Moreover, when the FWA is up and running, the Home Office will lose sponsorship of the GLAA, and the responsibility will be subsumed into the Department for Business and Trade. Is that the right place for modern slavery responsibilities? From my experience, I remember the GLAA being significantly under-resourced. In order to inspect all of Scotland’s fisheries, agriculture and farming, it had only one inspector. That clearly was not enough. Will we have more now? What plans do the Government have in place to ensure that modern slavery is not deprioritised?
Secondly, on the panoply of new developments that we have had as the new Government have hit the ground running, there have been some that I have been particularly pleased to see. Not only is there the new Fair Work Agency, but cuckooing will be made a specific offence; grooming will be an aggravating factor in child sex offender prosecutions; and a range of new measures will be introduced to halve violence against women and girls.

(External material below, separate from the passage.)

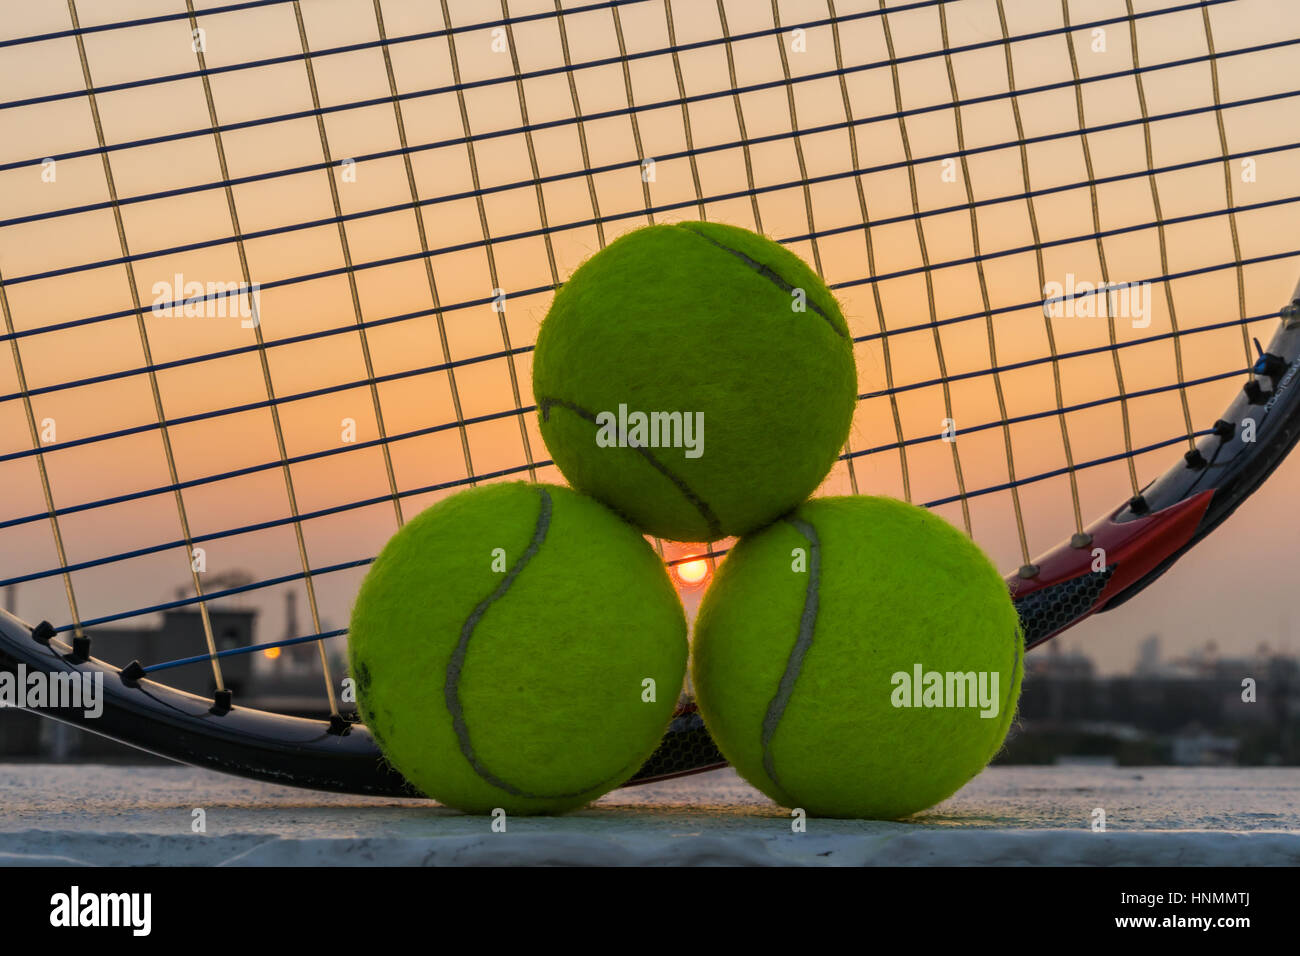 Tennis racket with sunset and tennis balls. Stock Photo

I could not welcome those steps more, but is there a coherent strategy to ensure they are being fully deployed to tackle modern slavery? Are we marshalling the power of Government to target these new measures at the perpetrators of these crimes?
When can we expect to see that robust modern slavery strategy? I ask that because this issue needs ministerial grip. Without clear ministerial direction, law enforcement cannot put resources into it. Without law enforcement prioritising the resources, there are no investigations. Without investigations, there is no justice. We should think of the woman who came to the British state and asked for help, only for our administrative incompetence to mean she is back in the hands of her traffickers, being pimped out to be raped multiple times every day. We have failed her once already. We need a strategy to ensure that we do not do so again.

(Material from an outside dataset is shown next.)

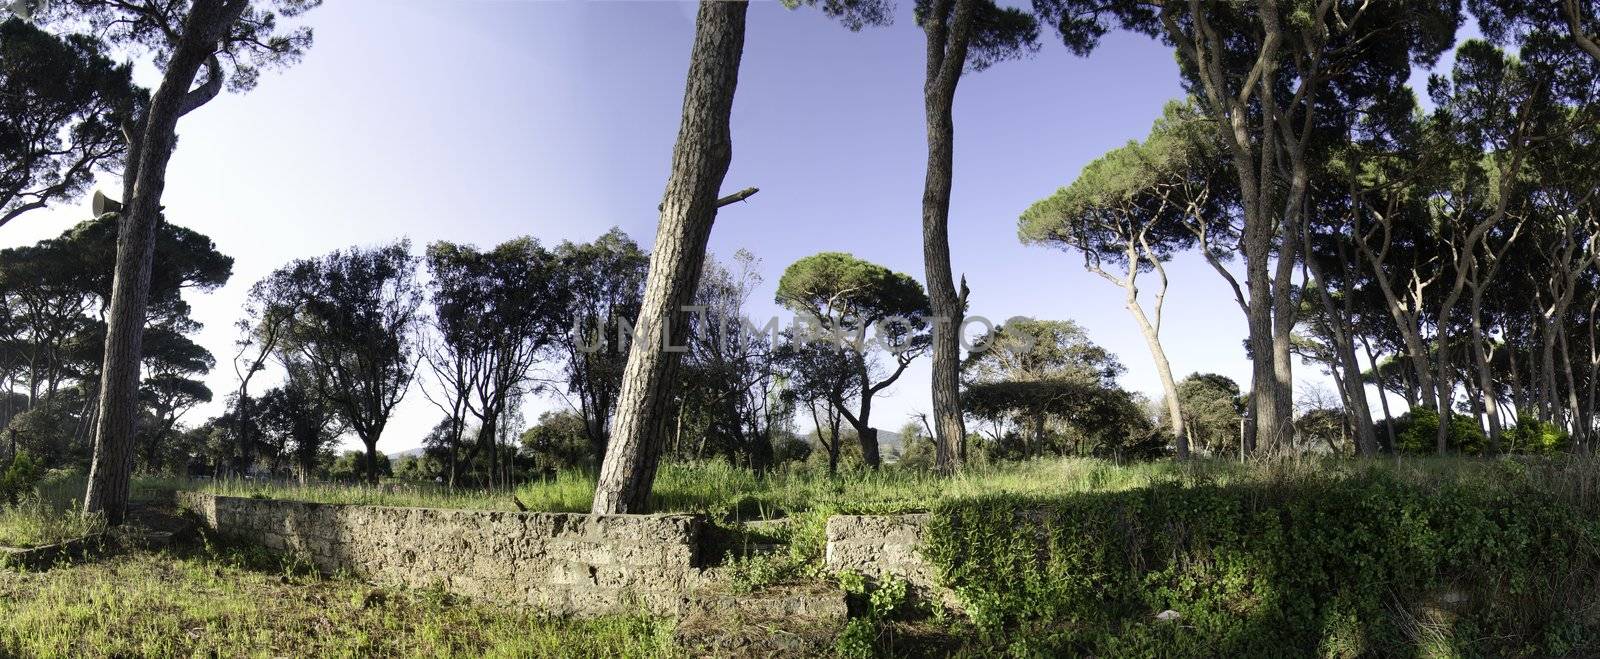 Pines in a Tuscan Pinewood near Follonica, Italy

Will that modern slavery strategy take account of new developments in modern slavery in the last 10 years? I am pleased that the hon. Member for Wimbledon (Mr Kohler) and others mentioned the exploitation of visas in the care sector, but we are also seeing that with student visas, the EU settlement scheme and elsewhere. Will the new White Paper on legal migration be fully modern slavery-proofed so that we do not allow new routes to open up? I note that the Scottish Government have finally got around to refreshing their human trafficking strategy. I would argue that is a long overdue step, but it is also a good opportunity to ensure we get coherence across the whole UK.
As we mark 10 years since the Modern Slavery Act was passed, it is clear we still have our work cut out for us. I, for one, am willing to work with anyone inside or outside this Chamber to get it done.